Often called “Kheri”, Peshawari chappals make up a small scale business that provide a living to many shoemakers who spend their days busy in making, stitching and fitting the shoes.
Sitting in his shop Peshawari Chappal Wala, Rahman Habib was busy stitching a Peshawari chappal, something he has been doing for the past 30 years.
What is an actual Peshawari chappal like?
Habib says, “The one that I am making right now is a real Peshawari chappal. It is made in pure leather. Some rubber material is also used. I think most Peshawari chappals are more or less the same, but the designs are different.” According to Hussain Agha of New Khyber Chappal, “Only Kohati Chappal comes close to the Peshawari chappal. But they are two different things.”
Habib has three workers at his shop. “One worker makes four pairs in a day at my shop. So in a single day, as many as 12 chappals are made.”
According to Muhammad Javed, who runs Khyber Chappal Maker, “The sales of these chappals pick up around Eid. All that I have stored up in my shop will be sold off.”
Agha, however, points out a decline in the sales, “Last Eid, I was able to sell 1500 pairs of these chappals but this Eid only about 600 to 800 pairs were sold.”

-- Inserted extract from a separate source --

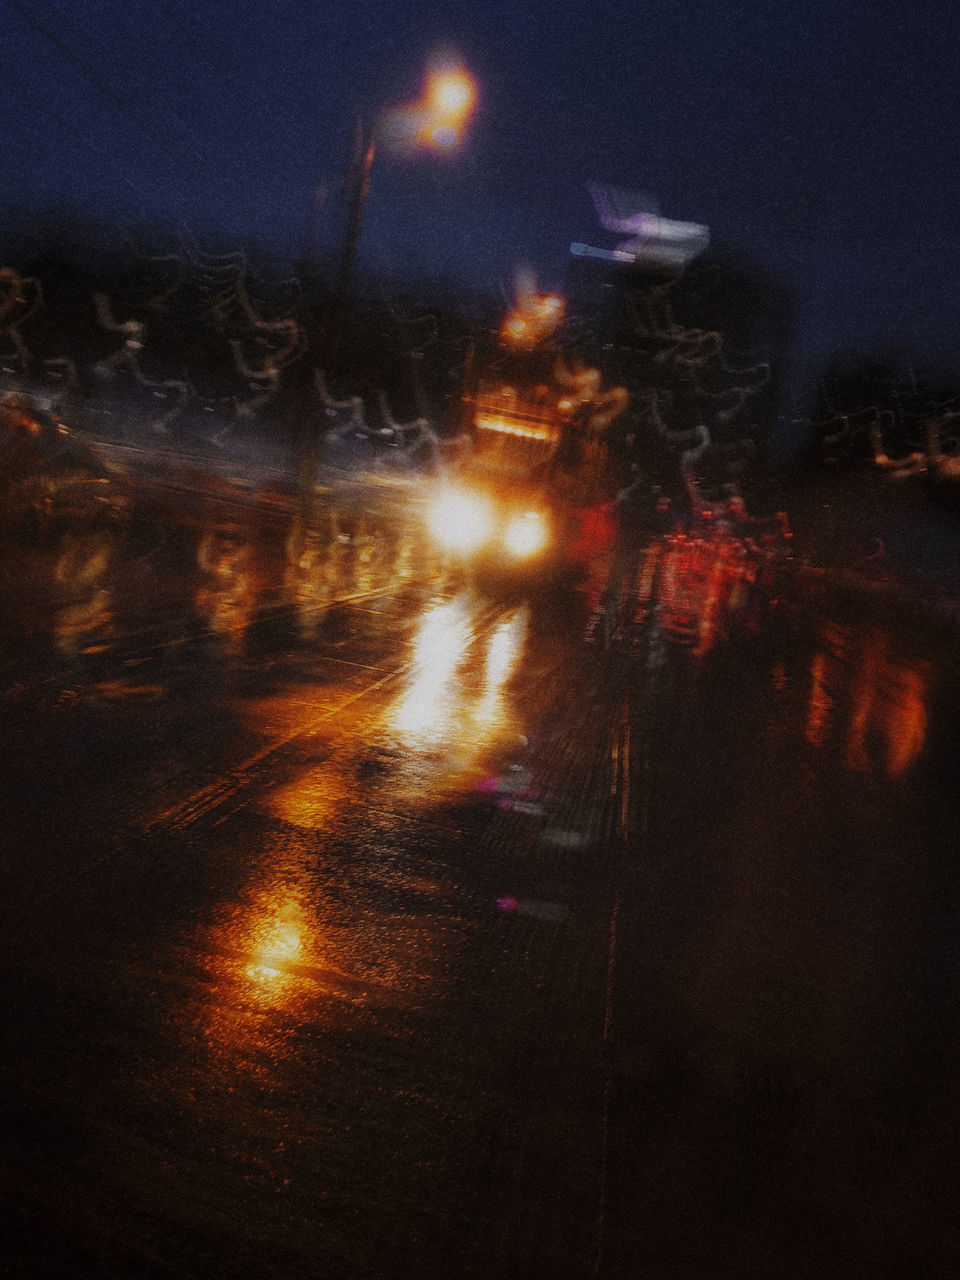 ILLUMINATED LIGHT TRAILS ON STREET DURING RAINY SEASON

What’s trickling the market go down?
“These chappals that I make would go to as far as Miranshah but the current political situation has gravely affected our country and now the business is operated locally, for Karachi based clients only,” says Agha. Pointing out another reason for the decline, he adds, “Since the China chappal (referring to cheaper open flats) have stormed in our local market, people wear those and let go of Peshawari chappals altogether. Compared to the China chappal, Peshawari chappals are far more expensive.”
How old is the history of Peshawari chappal?
“At least a hundred years old. These chappals, initially were made in the city of Peshawar,” says Mehroze Khan, who sits at his friend’s shop.
Javed explains the manufacturing process of Peshawari chappals, “First it is leather cutting, then the sole-making process. Stitching is done by needle or the machine. Finally the fitting of the chappal takes place.” The chappals are mostly handmade.”
Price varies starting from Rs 300 to Rs 800. “It (price) depends on the leather material used in its making that defines the true cost of production,” says Habib.
Habiba and Agha both agree that it’s mostly black colour that men prefer in Peshawari chappal.
Published in The Express Tribune, October 21st, 2010.